To the extent that Plaintiff's allegations may be interpreted as seeking to invoke the supplemental jurisdiction of this court over potential state law claims, a district court may decline the exercise of supplemental jurisdiction if a plaintiff's state law claims raise novel or complex issues of state law, if the claims substantially predominate over the claims over which the district court has original jurisdiction, if the district court has dismissed all claims over which it had original jurisdiction, or for other compelling reasons. As Plaintiff's federal claims should be dismissed for failure to state a claim upon which relief can be granted, it is recommended that the Court decline to exercise supplemental jurisdiction over any potential state law claims.
RECOMMENDATION
IT IS RECOMMENDED that this action be DISMISSED, WITH PREJUDICE, for failure to state a claim upon which relief may be granted pursuant to 28 U.S.C. §§ 1915(e) and 1915A.

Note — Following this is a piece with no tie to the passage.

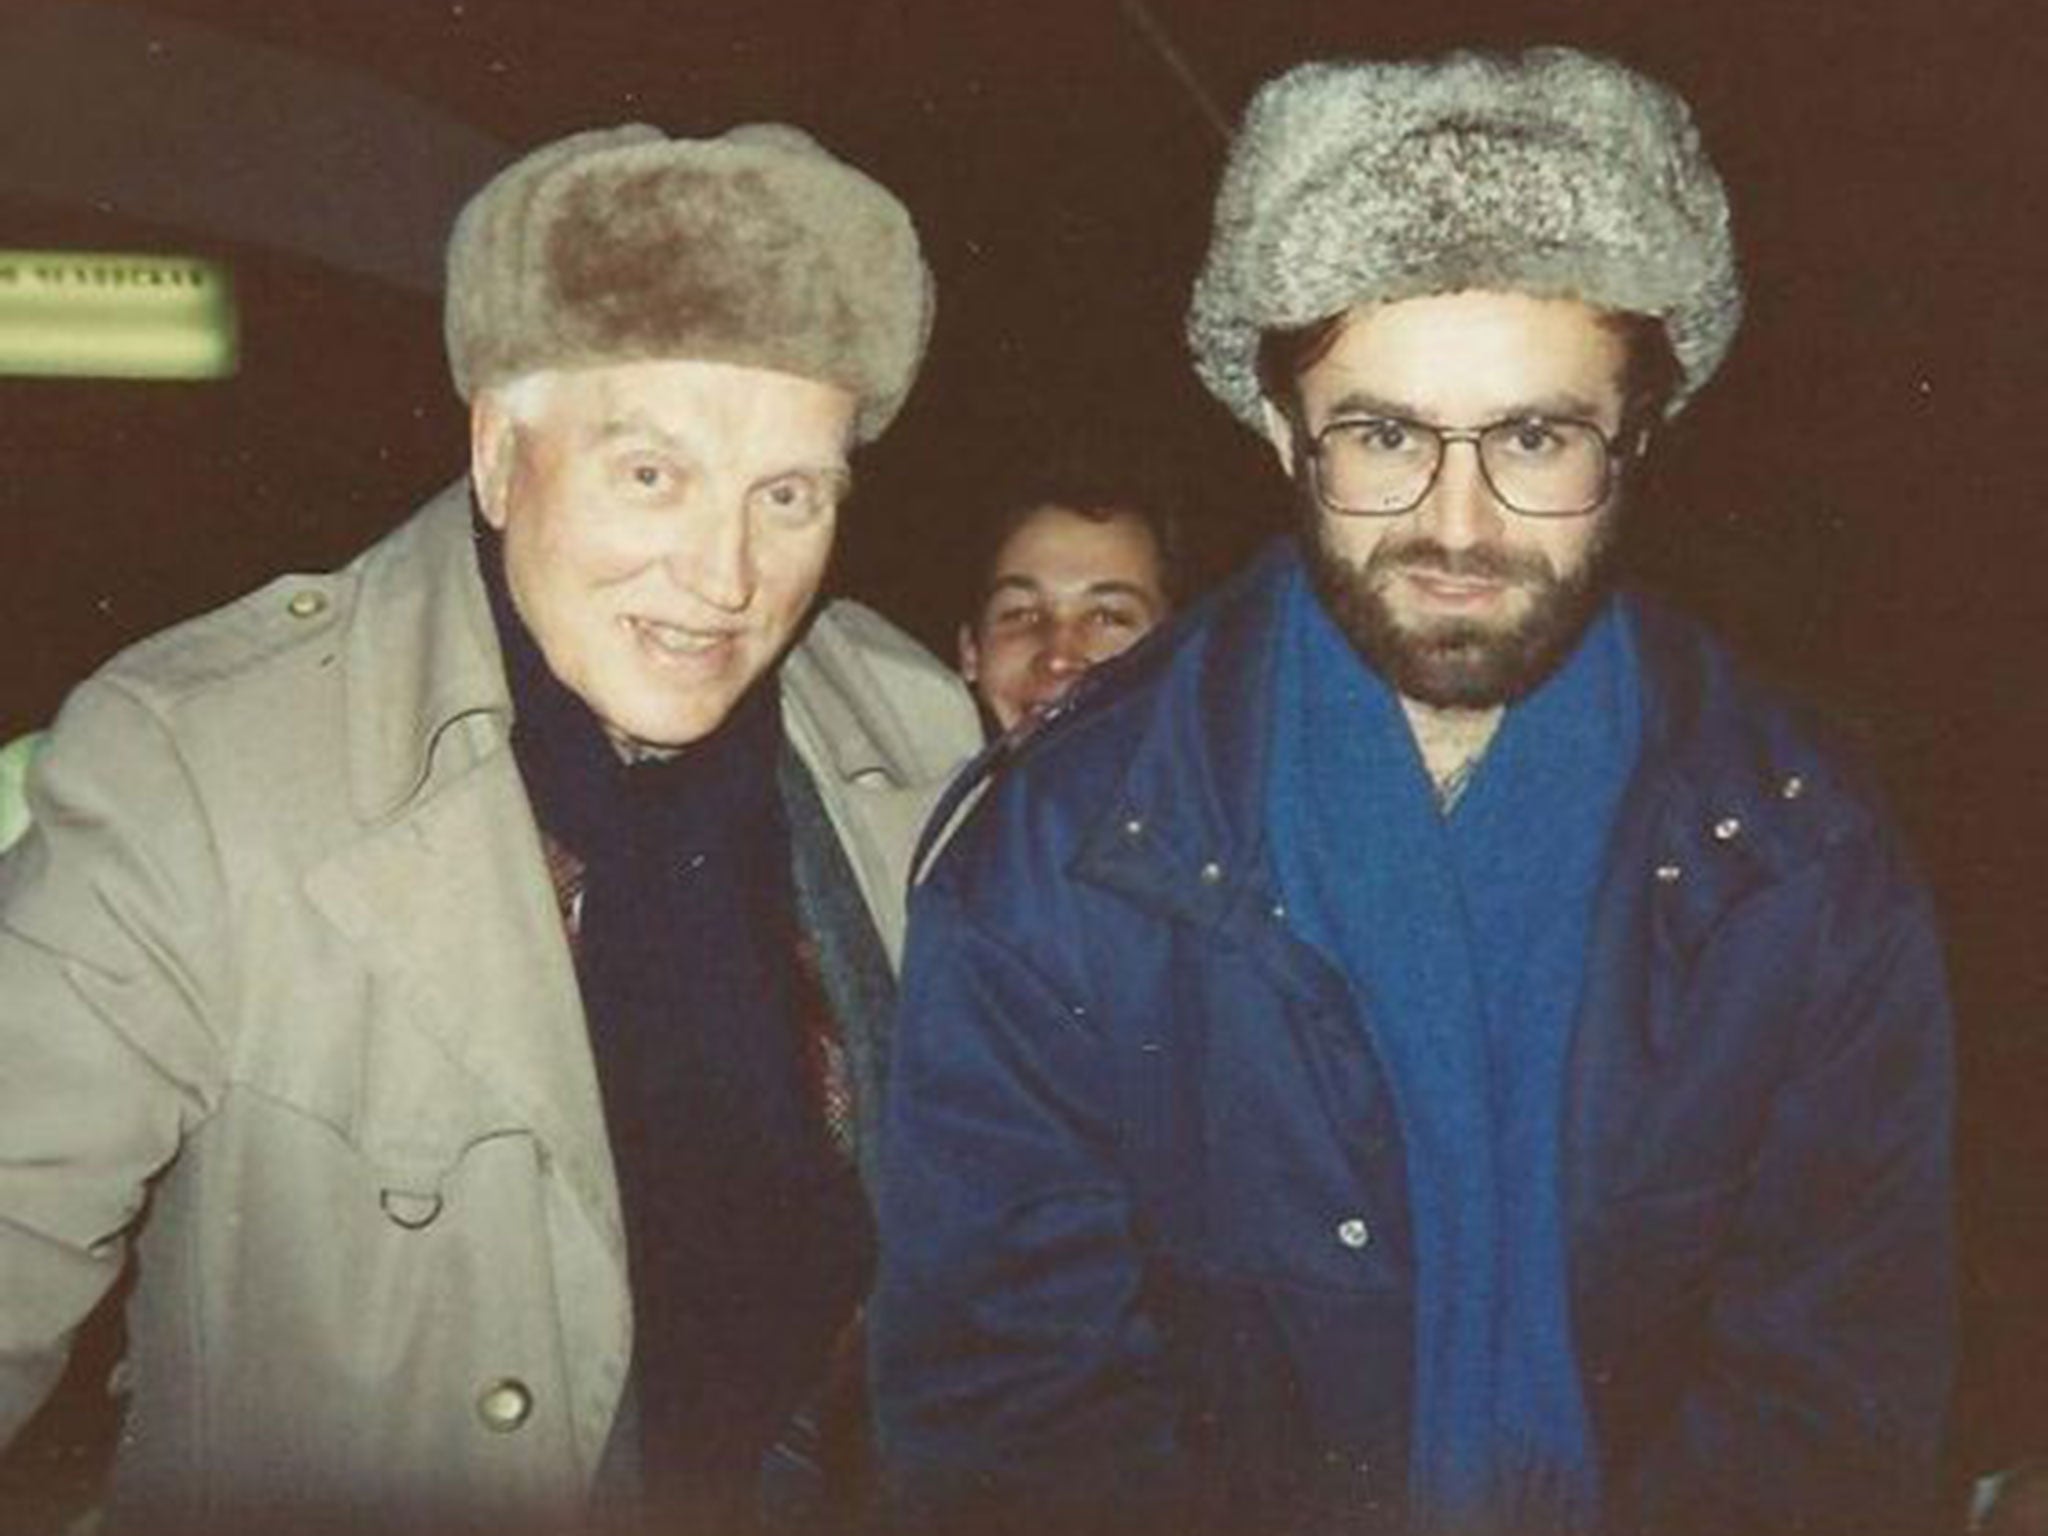 Mironov, right, in 1990 with the peace campaigner and former Gestapo victim Leif Hovelsen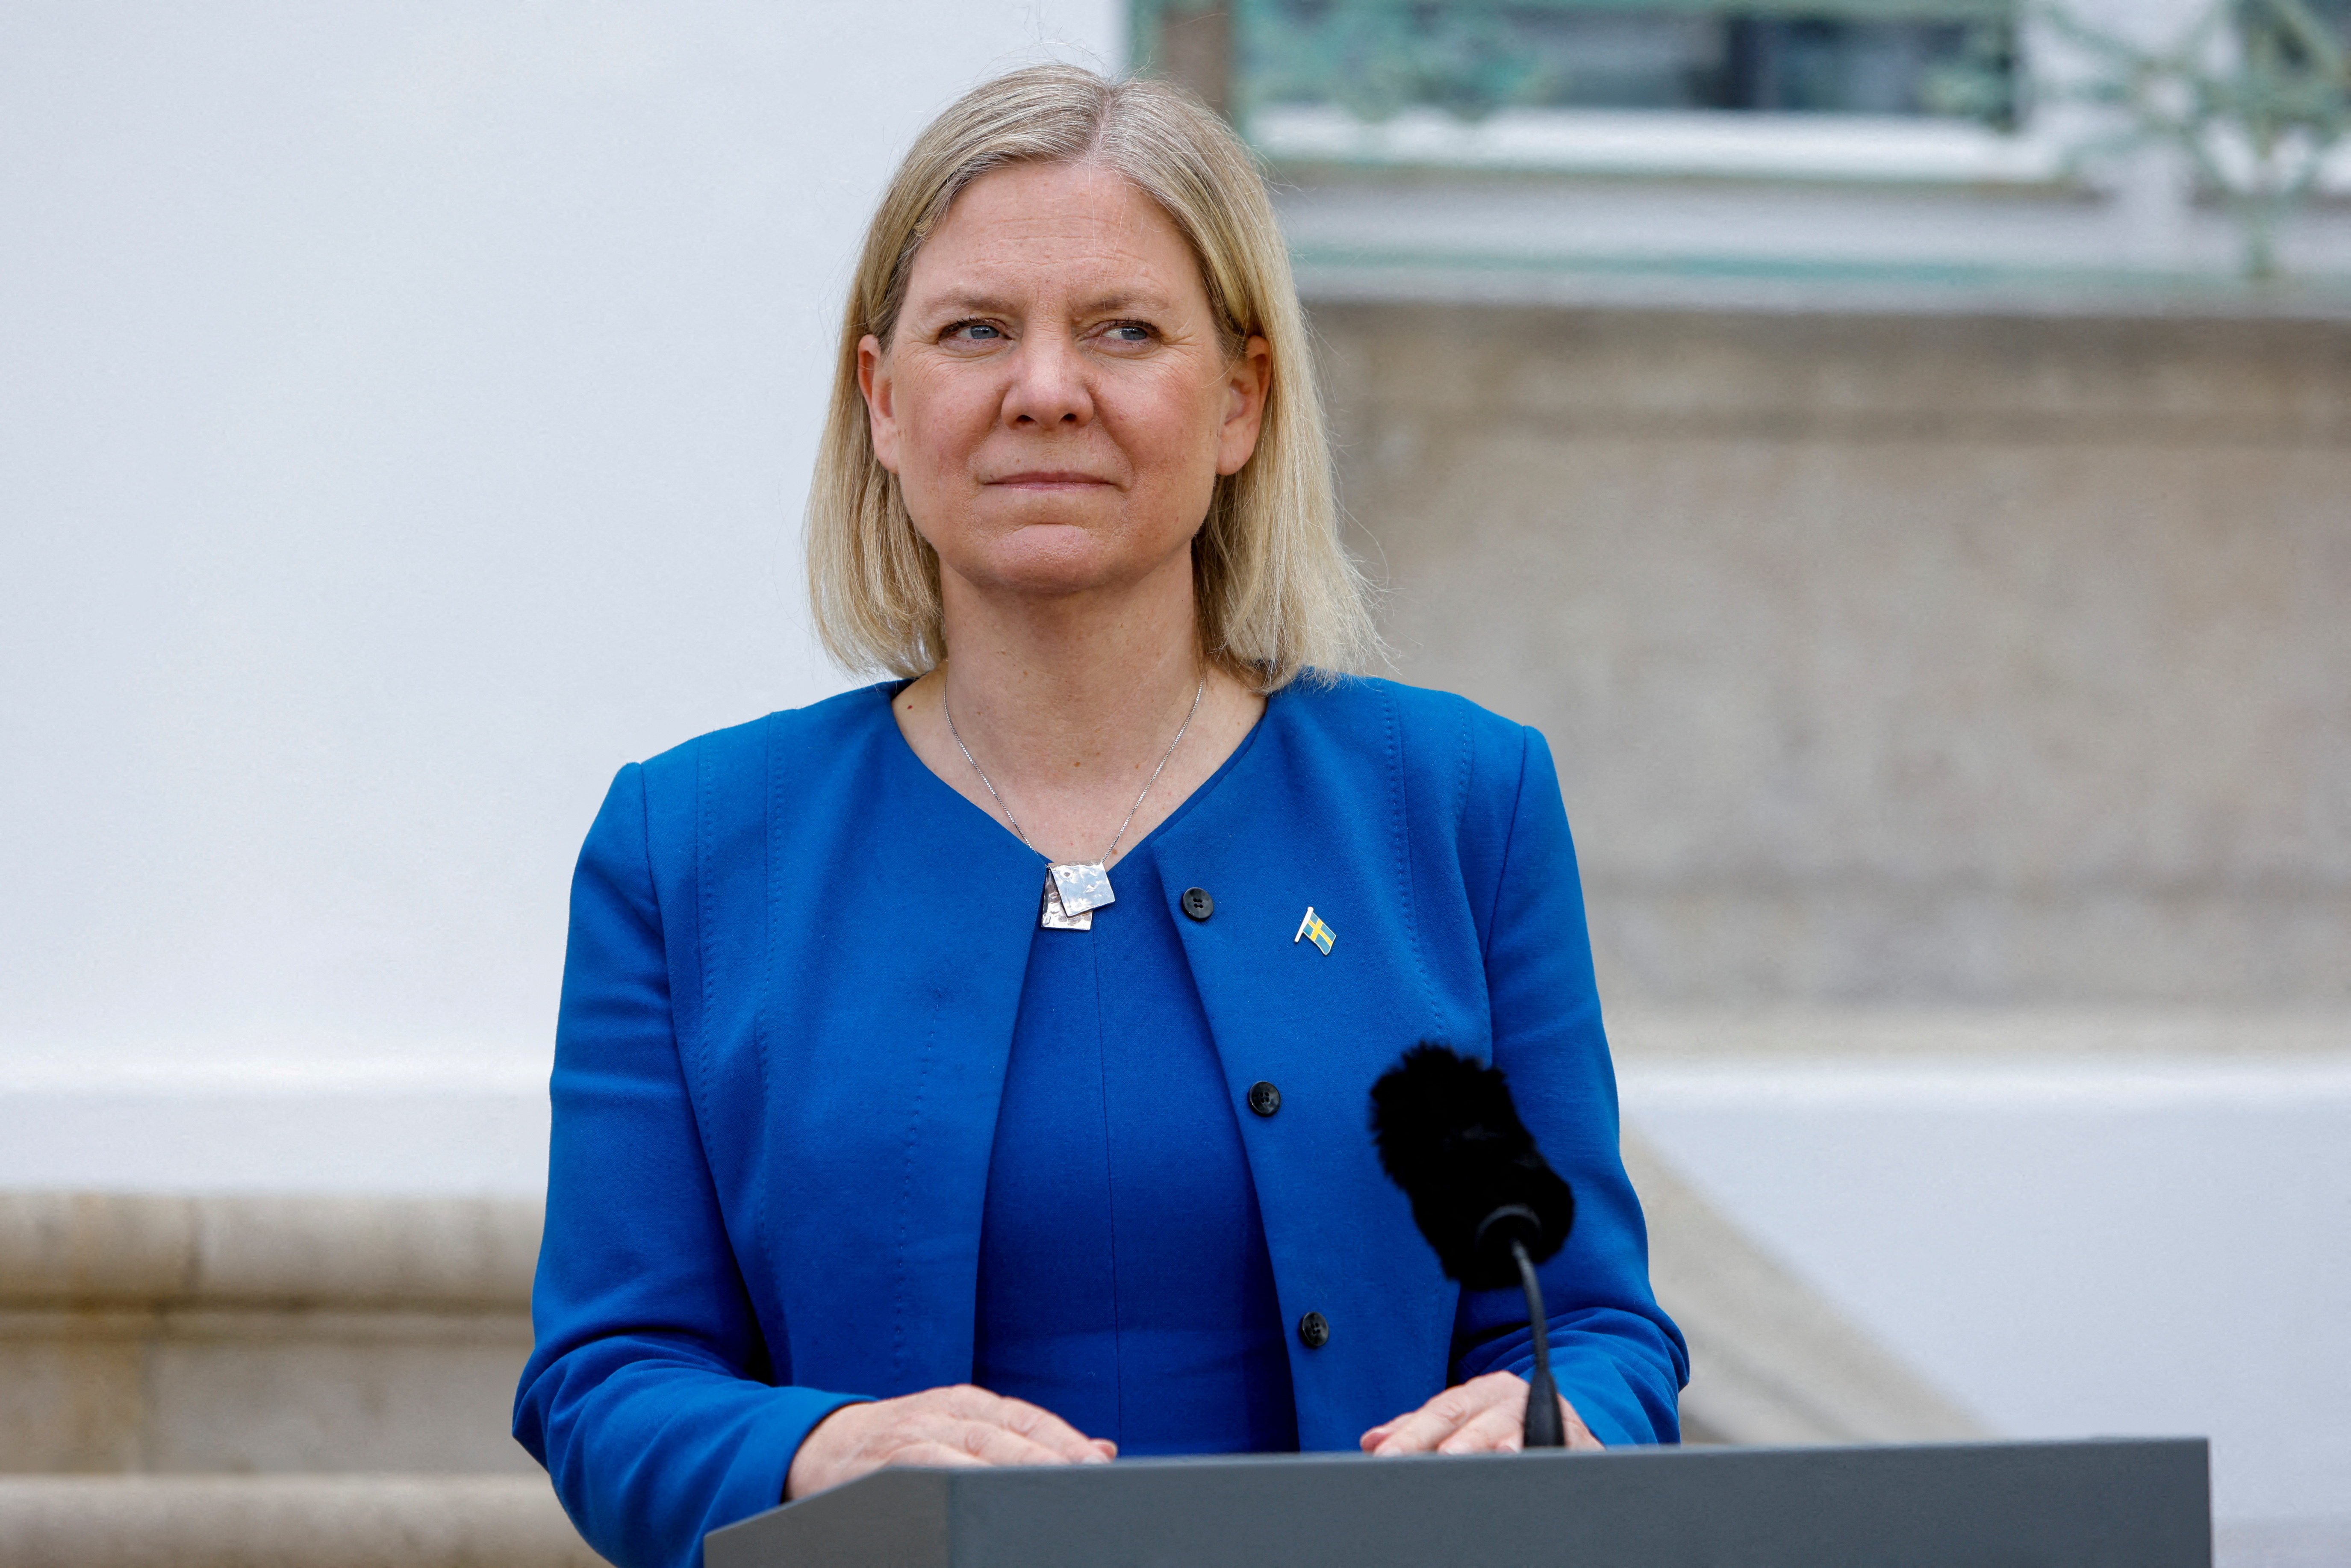 FILE PHOTO: Swedish Prime Minister Magdalena Andersson looks on next to a microphone on the first day of a special German cabinet meeting hosted by Chancellor Olaf Scholz at the government's guest house Schloss Meseberg in Meseberg, Gransee, Ge

The plaintiff is advised that 28 U.S.C. § 1915(g) provides that, "In no event shall a prisoner bring a civil action or appeal a judgment in a civil action or proceeding under this section [Proceedings in forma pauperis] if the prisoner has, on 3 or more prior occasions, while incarcerated or detained in any facility, brought an action or appeal in a court of the United States that was dismissed on the grounds that it is frivolous, malicious, or fails to state a claim upon which relief may be granted, unless the prisoner is under imminent danger of serious physical injury." --------
IT IS FURTHER RECOMMENDED that the Court decline the exercise of supplemental jurisdiction over any potential state law claims.
Signed in Baton Rouge, Louisiana, on October 25, 2019.